Tips for Talking With Your Partner
By Randi Morse
There have only been a few times in my 20-year relationship when I felt it was necessary to sit my husband down and have a serious conversation with him. Not surprisingly, those conversations usually centered around finances or our children. Even if you and your spouse have a very close relationship, you may feel concerned about having a difficult discussion. There are a number of things that you can do to help set the scene so that the conversation goes as smoothly as possible.
The Right Time
There's nothing worse than trying to have a serious conversation at the wrong time. If you bombard your spouse with the discussion after they are exhausted from a long day at work or have already been dealing with a stressful situation, the conversation will likely not be productive and may result in some hurt feelings. Planning the right time to have the discussion can be a huge help in ensuring that it goes smoothly. Before you initiate your conversation, figure out the best time. Maybe it's after you've had a nice meal and the children have gone to bed, or maybe it's on the weekend when you have no plans.
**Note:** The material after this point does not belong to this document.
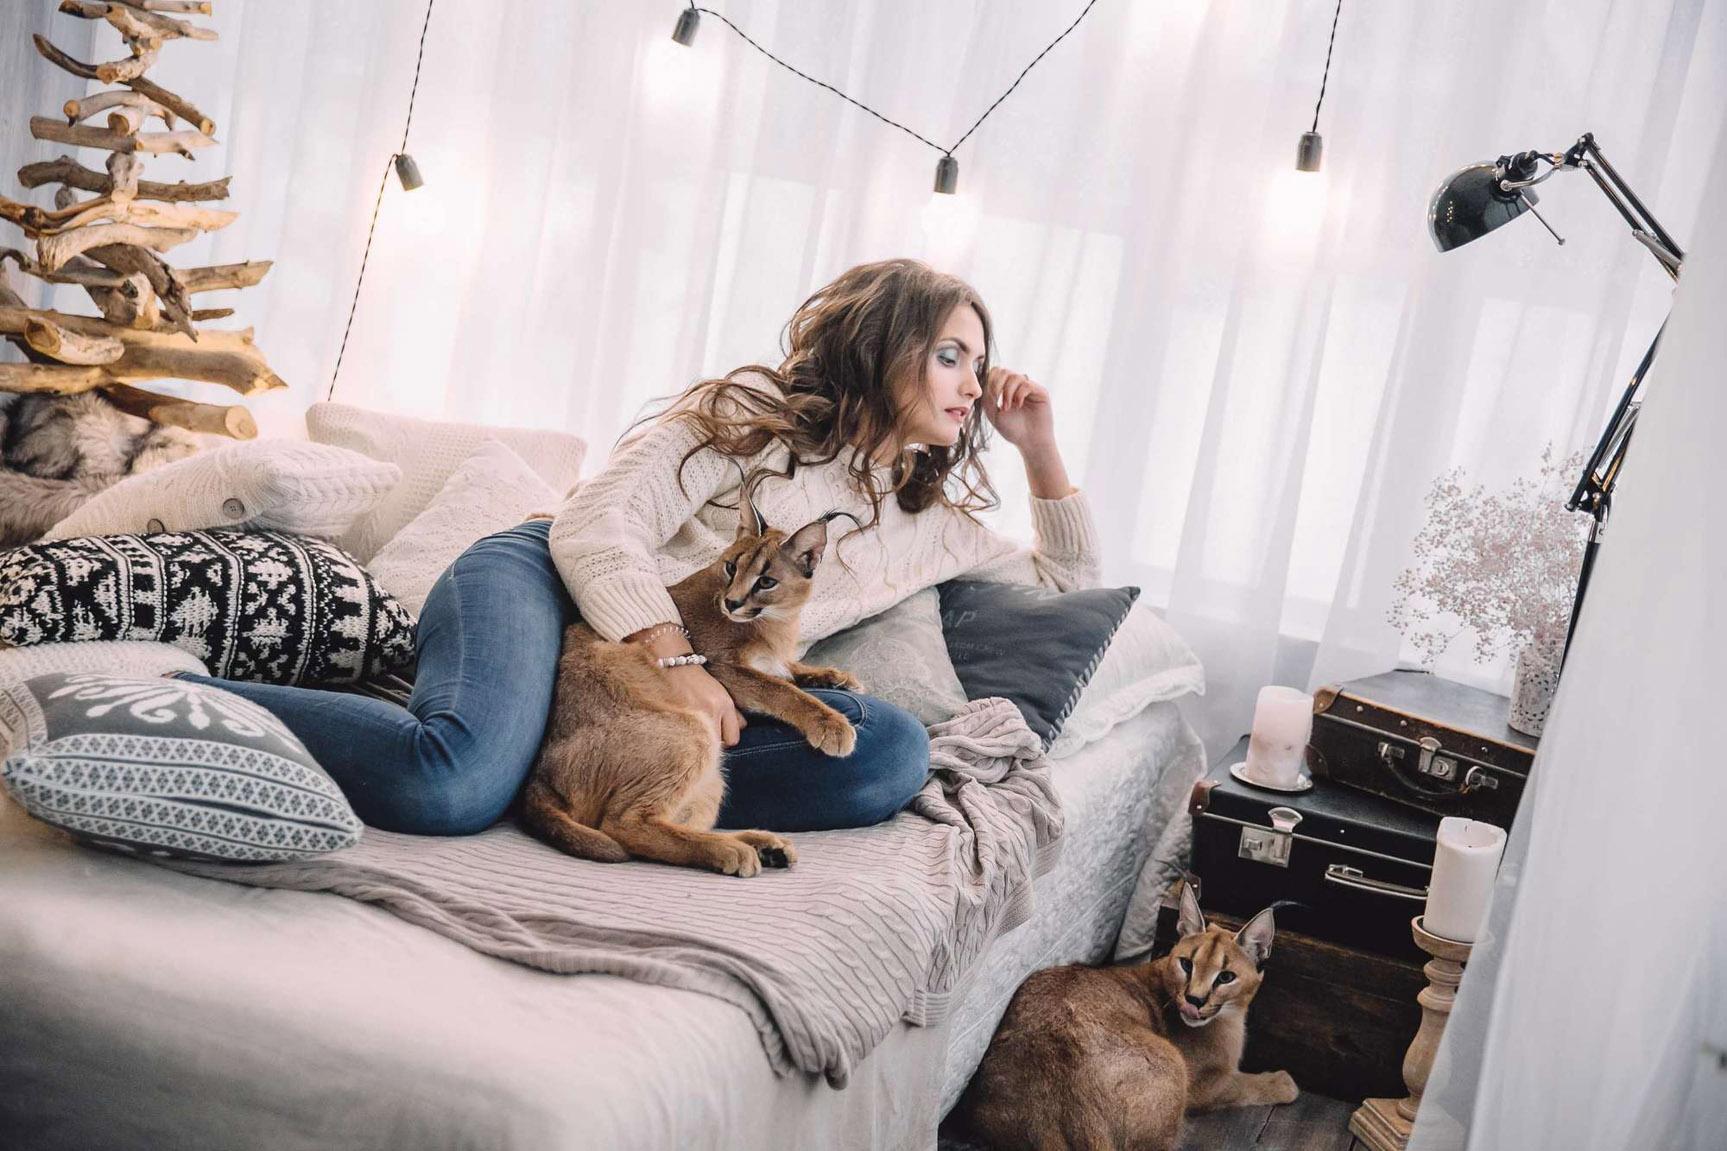 Каракалы, питомник Soul Cats - фотограф Ксения Чебиряк

Being more relaxed and less stressed is the key to having a productive conversation. When you, or your partner, are stressed or frustrated and you try to have a difficult conversation, you're likely to find that feelings are hurt much easier.
The Right Words
Choosing the right time is important but choosing the right words are even more important. If you don't plan out your approach for the conversation beforehand, you're much more likely to allow emotion to color your words. While you don't need to script out the whole conversation, having the basics ready to go ensures that you're able to take control of the direction of the conversation while also talking about all of your points.
It's understandable why you would be concerned with having a serious conversation with your partner, especially if you have bad news. Setting the mood by choosing the right time and the right words can be a huge help when it comes to ensuring that the conversation goes smoothly. If you find that you or your spouse are getting angry at each other during the conversation, don't be afraid to take a step back. Agree to take "cool down" time and to reconvene after you've got relaxed.